#### Problem details:
Scan the records beneath this line for the line holding "Καλοκαιρινή σαλάτα με" and the line holding "Diseño de camiseta", then transcribe exactly those two and all lines between.

#### Dataset entries:
▬▬▬

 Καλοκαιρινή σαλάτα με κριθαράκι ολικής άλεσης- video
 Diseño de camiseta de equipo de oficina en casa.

▬▬▬

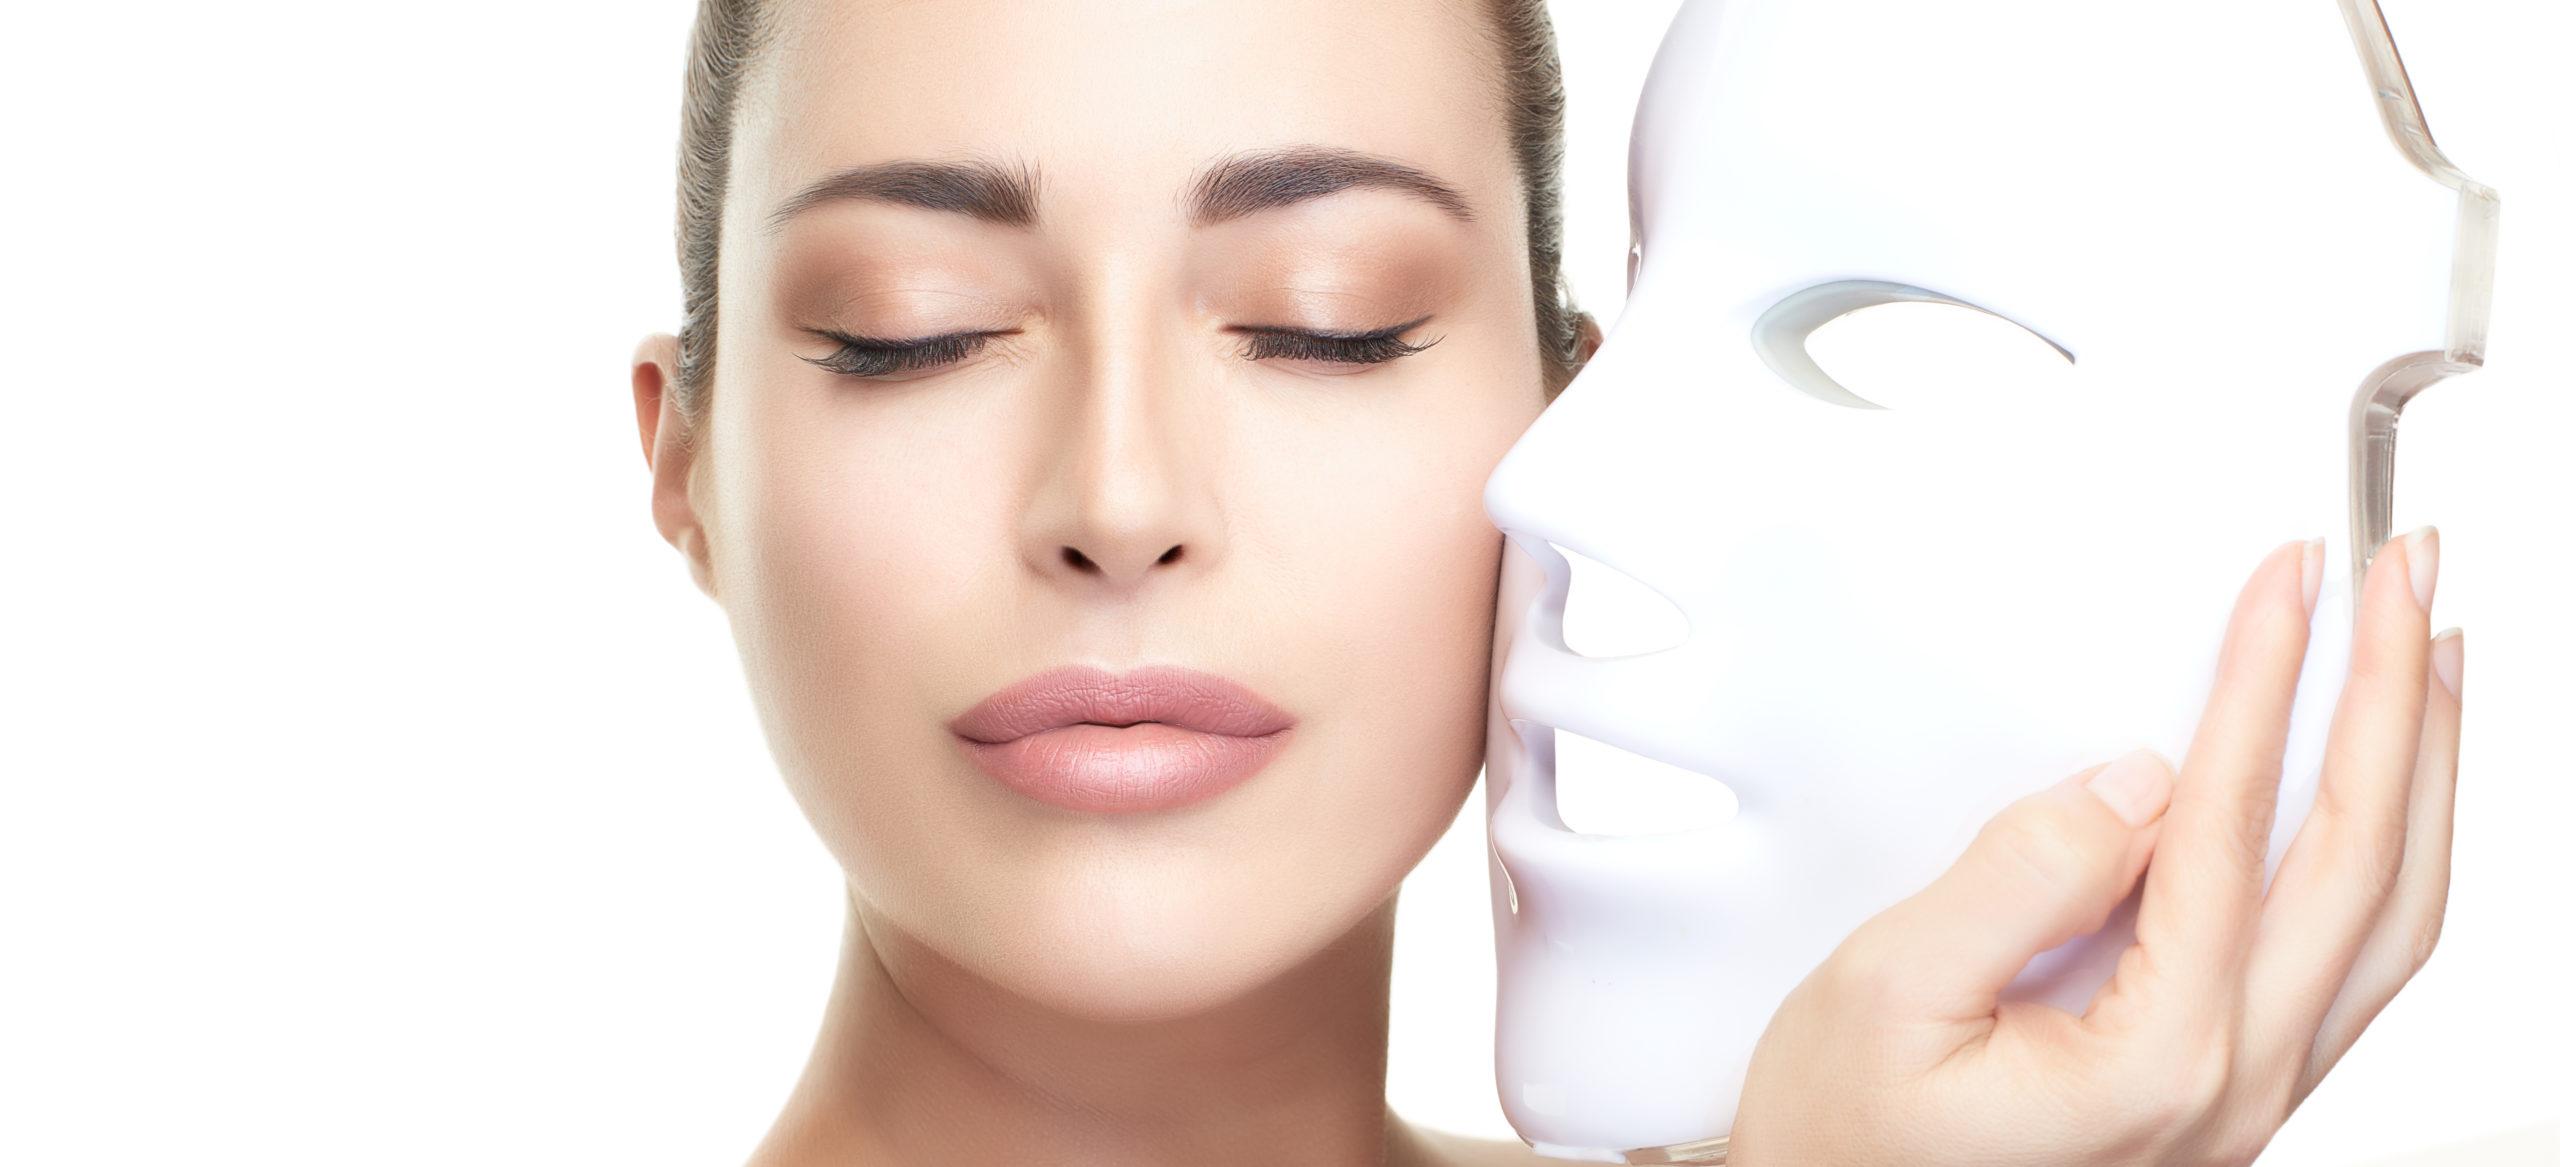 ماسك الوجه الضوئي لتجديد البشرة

▬▬▬

#### Written answer:
 Καλοκαιρινή σαλάτα με κριθαράκι ολικής άλεσης- video
 Diseño de camiseta de equipo de oficina en casa.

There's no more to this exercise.